To ensure external reliability, a pilot study was conducted, recruiting 10 South African caregivers who met the selection criteria to complete the questionnaire and provide feedback regarding the accuracy of the questions. All participants reported that they were satisfied with the content of the questionnaire and that it seems to be of worth for caregivers to address their daily challenges and needs. As such, no changes were made to any questions after the pilot study.

Data analysis

The Statistical Package for Social Sciences (SPSS) v 26 was used for all statistical analyses. An EFA, using a principal component analysis (PCA) with Varimax (with Kaiser Normalisation), was conducted to explore the underlying factor structure of the instrument.

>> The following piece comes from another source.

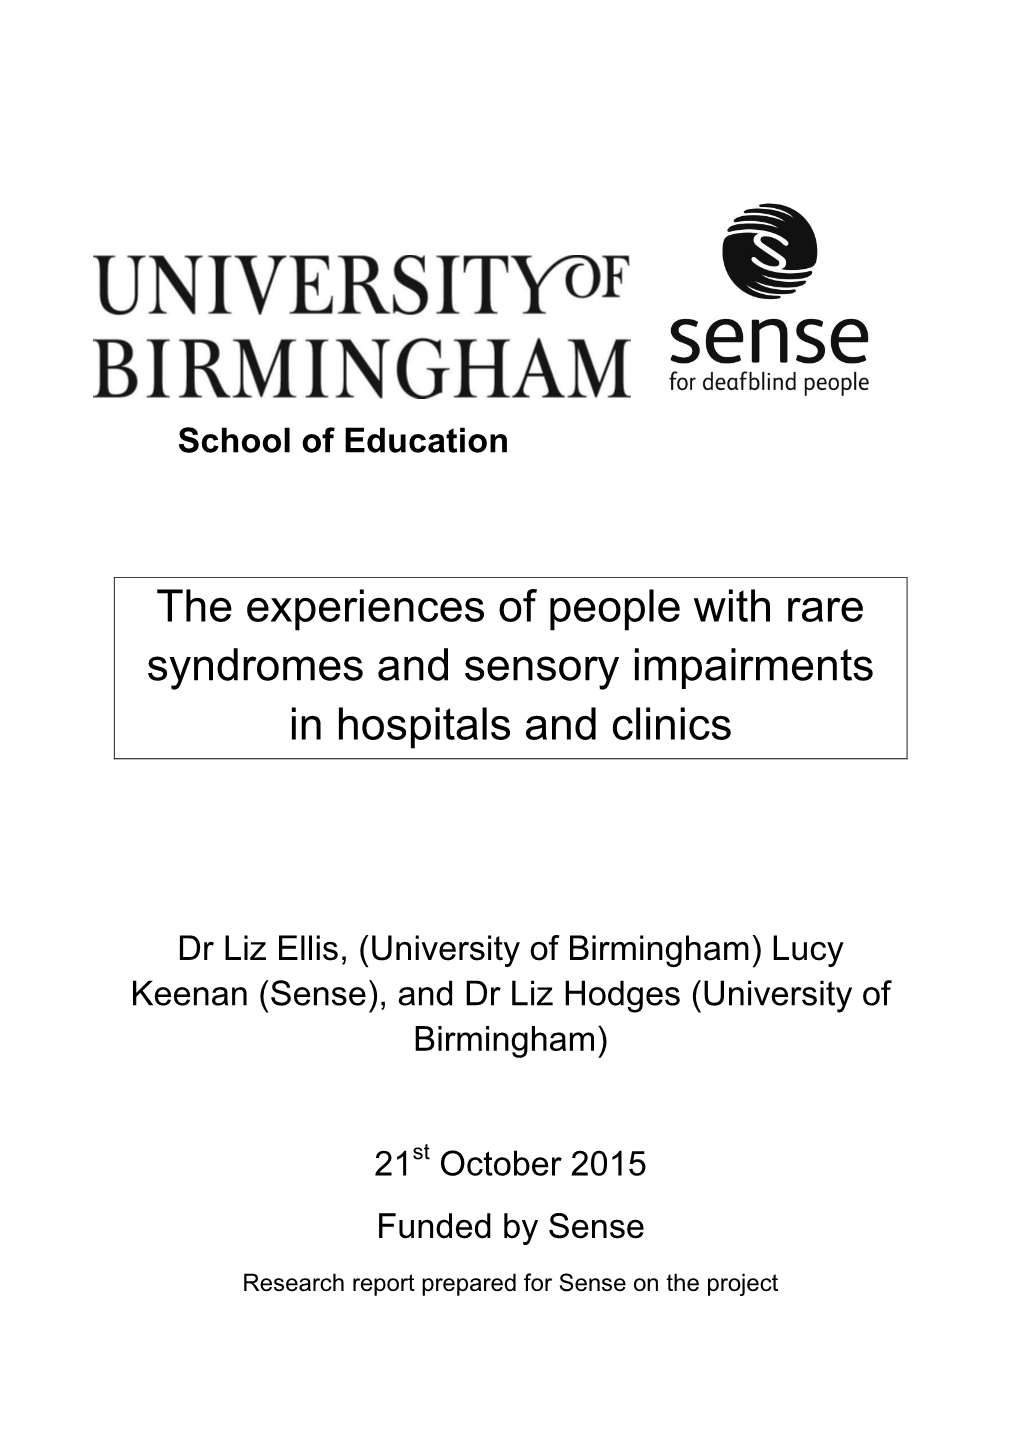 The Experiences of People with Rare Syndromes and Sensory Impairments in Hospitals and Clinics

The Shapiro-Wilk test was used to detect differences from normality (Field 2018) and because this p-value is less than 0.05, the BSFC score differs from normality and, accordingly, non-parametric tests were used. To determine whether there is a significant association in the BSFC score in terms of demographic information (e.g. age, qualification level, income level), various inferential statistics were computed depending on the type of demographic variable; the Kruskal–Wallis (KW) test, Spearman correlation and Point-biserial correlation were used.

Ethical considerations

No data collection commenced before ethics approval, from the Research Ethics Committee of the Faculty of Humanities, University of Pretoria (HUM026/1019). All participants were informed about the purpose of the study and that they may exit the study at any time without any negative consequences. Anonymity and confidentiality could be ensured as the researchers did not meet any participant face-to-face and any identifiable information was removed.

Results

Factor extraction

An EFA, using a PCA with Varimax (with Kaiser Normalisation), was conducted to explore the underlying factor structure of the instrument. To determine if collected data were suitable for conducting an EFA, the Bartlett’s test of sphericity and the Kaiser–Meyer–Olkin Measure of Sampling Adequacy (KMO) were applied (Field 2018). Both assessments yielded evidence that dimension reduction could be conducted (KMO = 0.913; p-value for Barlett’s test < 0.001) and that data were suited for EFA (Hutcheson & Sofroniou 1999). After investigating the eigenvalues, six factors were extracted (see Table 3); however, the last factor only had one item loading significantly onto it (Question 8: ‘Away from the caring situation I can switch off’), and this factor was dropped as it is not desirable to have a factor with only one item. Following this, an investigation was carried out to check whether Question 8 couldn’t be placed with another factor; however, as it didn’t load significantly onto any of the remaining factors, the item was dropped. The highest factor loadings in Table 3 are indicated in bold, and where the factor loadings were negative, the items were reverse-scored before the results of the statistical analyses were conducted.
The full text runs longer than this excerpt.